Liberian economist and central bank official (c.1955–2024)

Charles E. Sirleaf (c. 1955 – 3 June 2024) was a Liberian economist and senior public finance official who served as Deputy Governor for Operations of the Central Bank of Liberia (CBL) and briefly as acting governor. He was one of the sons of former Liberian president Ellen Johnson Sirleaf.

==Early life==
Sirleaf was born in Liberia in the mid-1950s and was one of the children of Ellen Johnson Sirleaf, who served as President of Liberia from 2006 to 2018.

==Career==
Sirleaf spent much of his professional life in Liberia's financial sector. He joined the Central Bank of Liberia (CBL) and rose through leadership positions over several administrations. He served as Deputy Governor for Operations, with oversight responsibilities for banking supervision, payment systems, and internal operations.
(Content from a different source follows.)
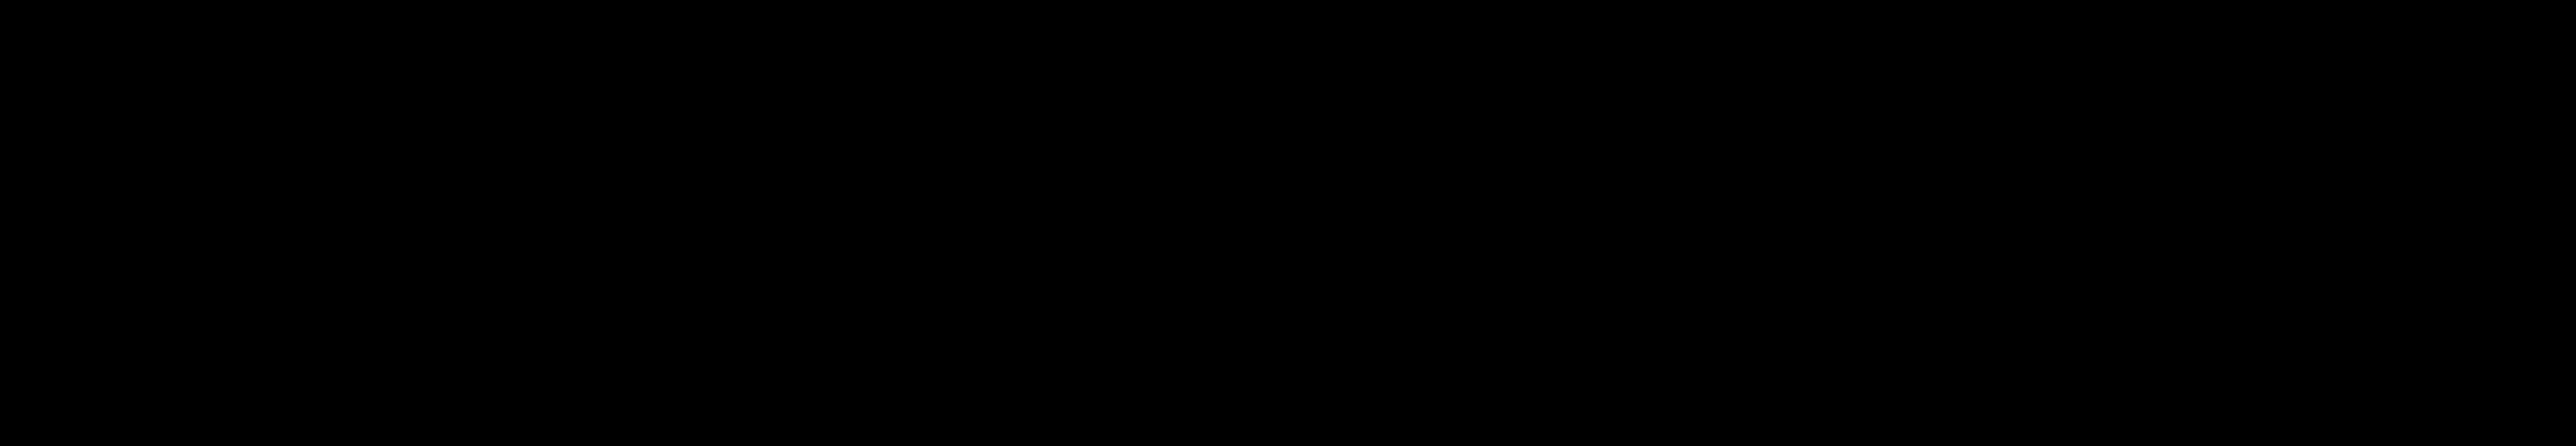 Dodge Viper – Logos Download

In 2016, Sirleaf was appointed by the CBL board as Acting Governor following the resignation of Governor Joseph Mills Jones.

According to the Central Bank of Liberia, he served within the institution for more than 15 years and previously held positions including Manager of the Debt Management Unit and Director of Finance.

===Legal proceedings===
In March 2019, Sirleaf was formally charged in connection with an investigation into the alleged unauthorized overprinting of Liberian dollar banknotes while he was a senior official at the Central Bank.

A year later in May 2020, a Liberian court dismissed the charges against Sirleaf and several other former Central Bank officials after prosecutors withdrew the indictment.

==Death==
Charles Sirleaf died on June 3, 2024, in Accra, Ghana, following a brief illness. He was 68 years old.